Si è aperto il G20 di Hangzhou, una delle sette capitali storiche della Cina, che Marco Polo descrisse come «la più grande del mondo». Oggi è quartier generale di Alibaba, impresa di punta dell’ IT cinese, nonché meta per torme di turisti che si specchiano nelle acque del suo celebrato Lago dell’Ovest (Xi Hu). Meglio girare al largo se odiate il clima umido subtropicale. La gioventù comunista della città ha celebrato l’evento con un video destinato ai cari ospiti internazionali: «Huangzhou huanying ni» (Hangzhou vi dà il benvenuto).

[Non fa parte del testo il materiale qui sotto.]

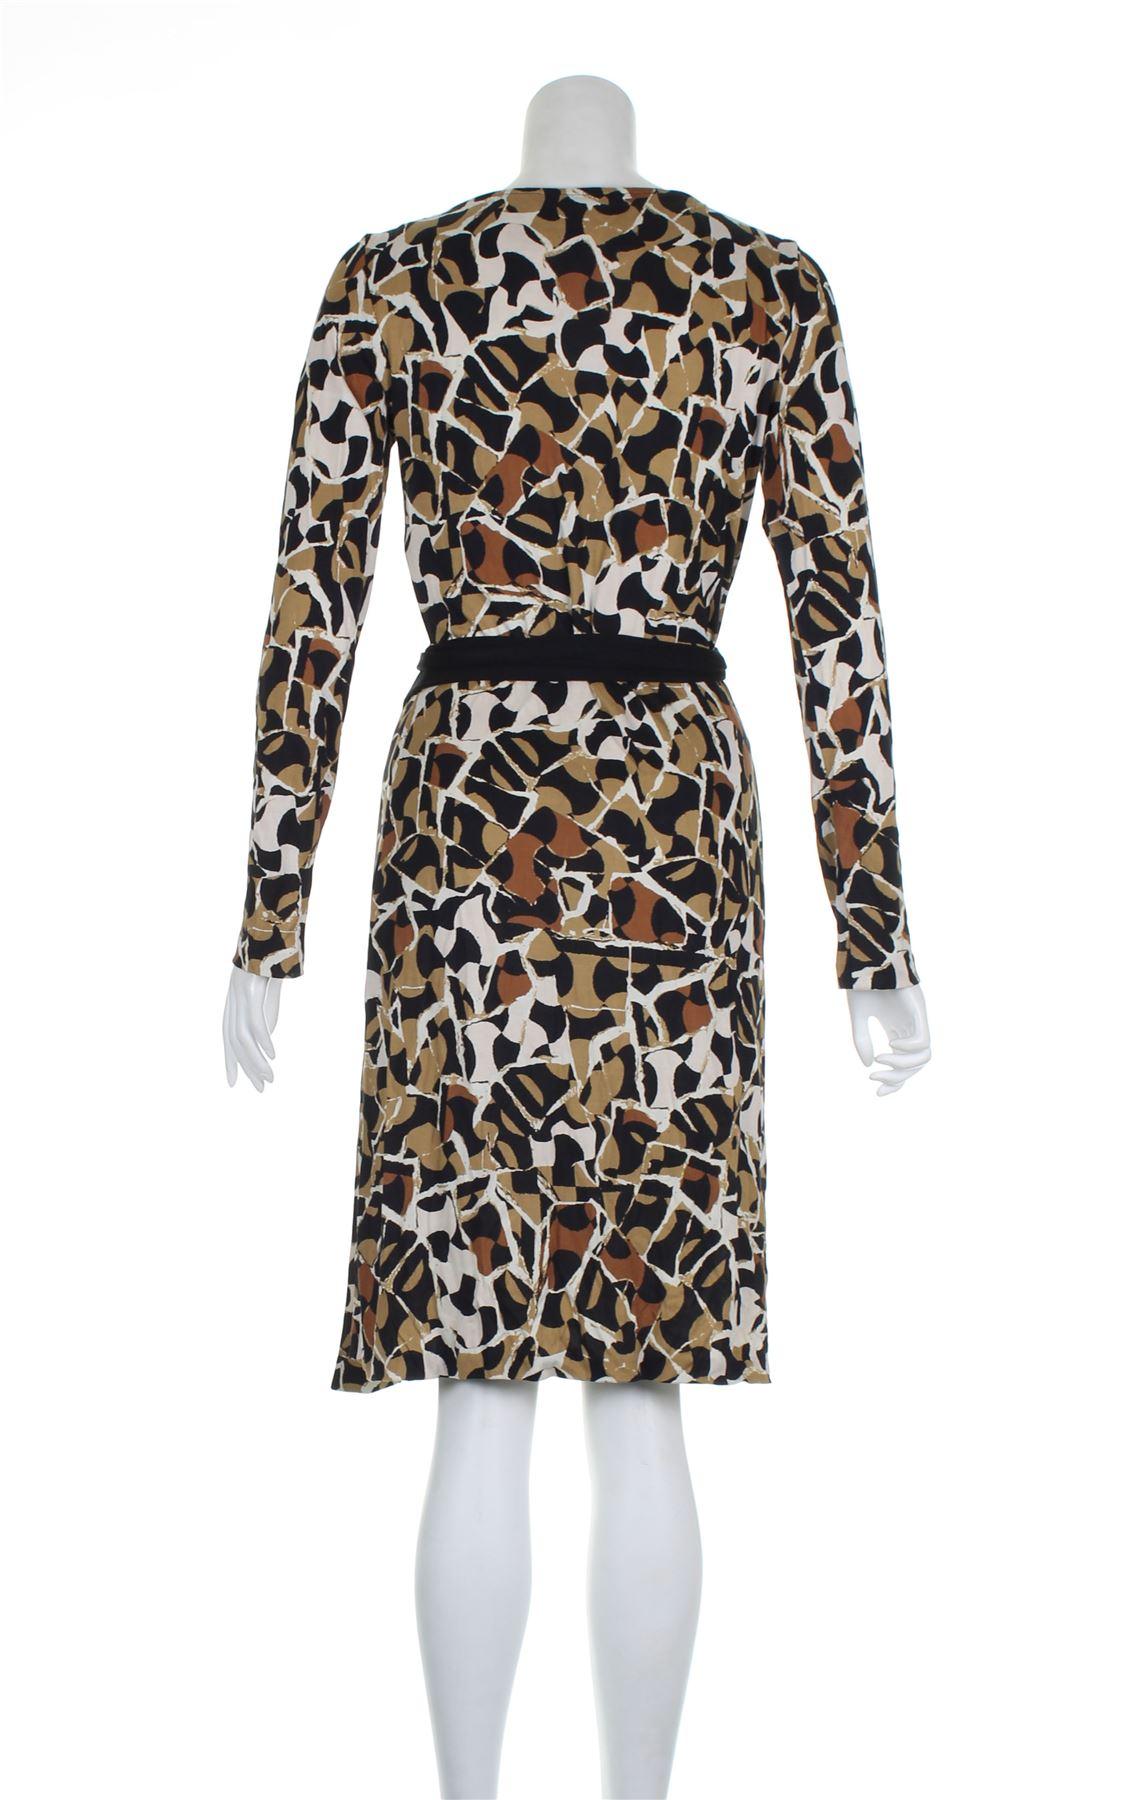 dac23acc57b9 DIANE VON FURSTENBERG Ha stampato il vestito casuale seta

La celebrazione/autocelebrazione giunge al culmine di un processo iniziato due anni fa, quando la presidenza cinese del G20 scelse la città da nove milioni di abitanti per il grande evento. C’erano parecchie aspettative. Dopo il summit di Brisbane 2014, era stato infatti stabilito l’obiettivo del «two in five», cioè l’innalzamento del Pil globale di due punti percentuali in cinque anni (2014-2018), attraverso strategie di crescita concordate e rispettivamente monitorate tra i diversi Paesi. L’obiettivo è praticamente già fallito. Il G20 si tiene insomma in un momentaccio: il libero scambio globale vive un arretramento, la congiuntura economica internazionale non è rosea, aumentano le zone di crisi politica e le emergenze umanitarie nel mondo, perfino le vituperate barriere commerciali non sembrano voler sparire. Il tutto, alla faccia di un G20 nato invece per facilitare la cooperazione.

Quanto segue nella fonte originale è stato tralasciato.